The Norwegian Church Issues Formal Apology to LGBTQ+ People for ‘Pain, Shame and Significant Harm’
Amid crimson theater drapes at a leading Oslo LGBTQ+ venue, Norway's national church issued a formal apology for hurtful actions and exclusion perpetrated over the years.
“The church in Norway has inflicted LGBTQ+ people pain, shame and significant harm,” the presiding bishop, the church leader, announced this Thursday. “This ought not to have occurred and which is the reason I apologise today.”
“Harassment, discrimination and unfair treatment” led to certain individuals abandoning their faith, Tveit recognized. A religious service at Oslo Cathedral was arranged to follow his apology.
The apology was delivered at the London Pub establishment, a bar that was one of two targeted in the 2022 shooting that took two lives and caused serious injuries to nine at Oslo's Pride event. A Norwegian citizen originally from Iran, who swore loyalty to Islamic State, was sentenced to a minimum of three decades in prison for the murders.
In common with various worldwide religions, the Church of Norway – a Protestant Lutheran denomination that is Norway’s largest faith community – for years sidelined the LGBTQ+ community, preventing them from serving as pastors or from marrying in religious ceremonies. Back in the 1950s, church leaders characterized LGBTQ+ persons as “a worldwide social threat”.

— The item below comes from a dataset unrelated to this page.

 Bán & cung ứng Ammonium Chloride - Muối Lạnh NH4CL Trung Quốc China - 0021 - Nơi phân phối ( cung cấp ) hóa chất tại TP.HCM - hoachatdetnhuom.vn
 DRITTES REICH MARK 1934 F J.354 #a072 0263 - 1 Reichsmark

However, as Norway's society grew more liberal, ranking as the second globally to permit registered partnerships for same-sex couples back in 1993 and in 2009 the first in Scandinavia to legalize same-sex marriage, the church slowly followed.
During 2007, the Church of Norway started appointing LGBTQ+ clergy, and LGBTQ+ partners could have church weddings since 2017. During 2023, the bishop took part in the Pride march in Oslo in what was described as a first for the church.

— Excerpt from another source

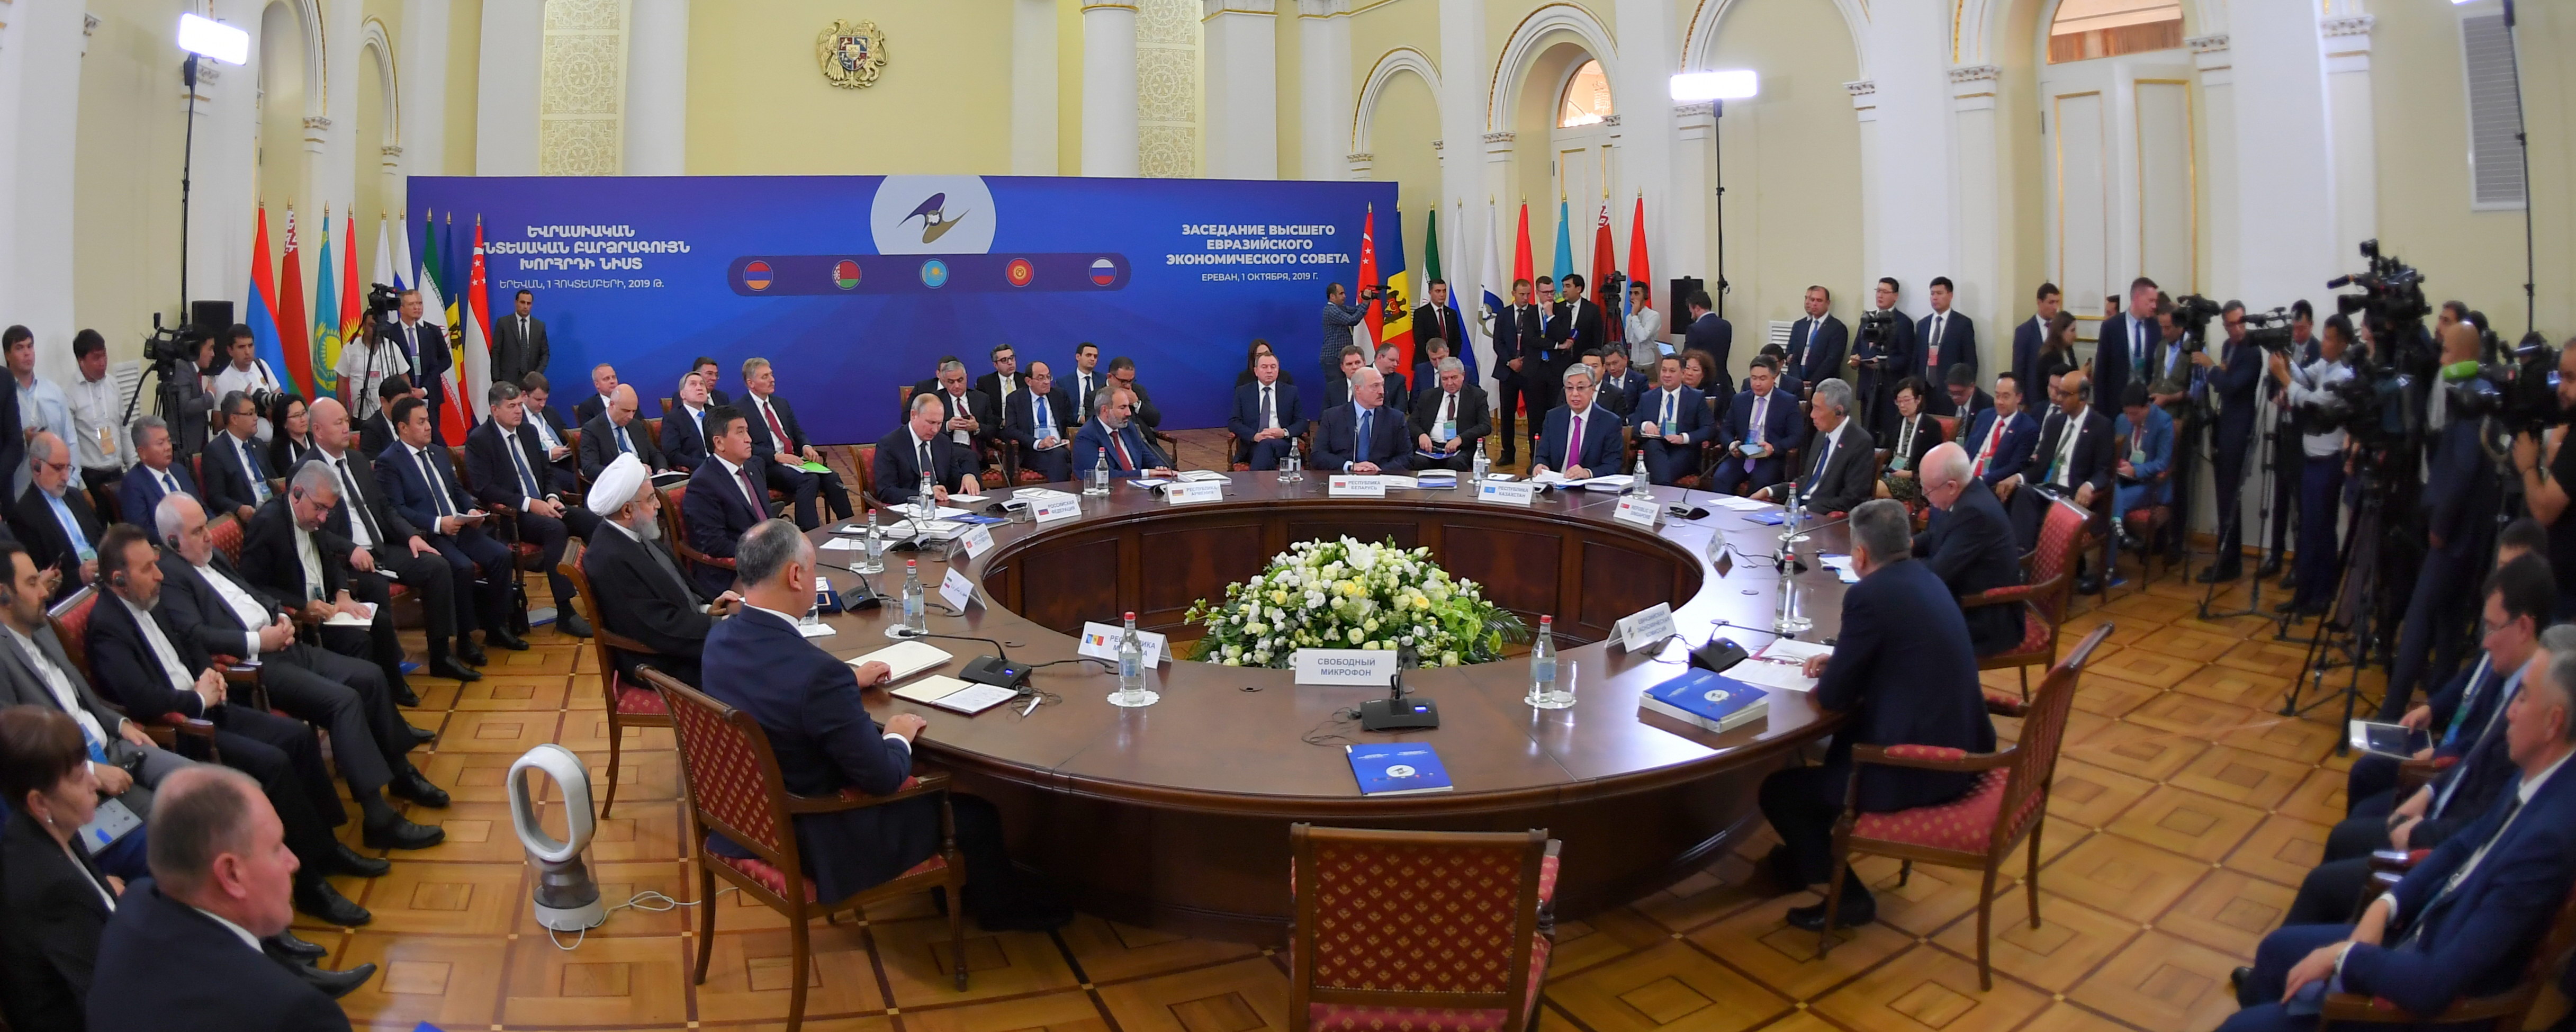 Евразийские международные организации. Токаев ЕАЭС. Заседание высшего Евразийского экономического совета. Высший Евразийский экономический совет в Кыргызстане. Политика совещание.

Thursday’s apology received differing opinions. The leader of an organization of Christian lesbians in Norway, Pedersen-Eriksen, herself a gay pastor, called it “an important reparation” and a point in time that “signaled the conclusion of a painful era in the history of the church”.
For Stephen Adom, the leader of the Norwegian Association for Gender and Sexual Diversity, the apology was “meaningful and vital” but had come “too late for those among us who died of Aids … carrying heavy hearts as the church regarded the epidemic as punishment from God”.
Globally, several faith-based organizations have attempted to offer apologies for historical treatment regarding LGBTQ+ individuals. In 2023, England's church expressed regret for what it described as its “shameful” treatment, even as it still declines to permit gay marriages within the church.
In a similar vein, the Methodist Church in Ireland the previous year apologised for its “failures in pastoral support and care” to LGBTQ+ people and family members, but remained staunch in the view that marriage should only represent a partnership of one man and one woman.
Several months ago, Canada's United Church offered an apology to two spirit and LGBTQIA+ communities, characterizing it as a confirmation of the church's “dedication to welcoming all and full inclusion” in every part of the church's activities.
“We have not succeeded to rejoice and take pleasure in the wonderful diversity of creation,” Rev Michael Blair, the church's general secretary, stated. “We have hurt individuals in place of fostering completeness. We are sorry.”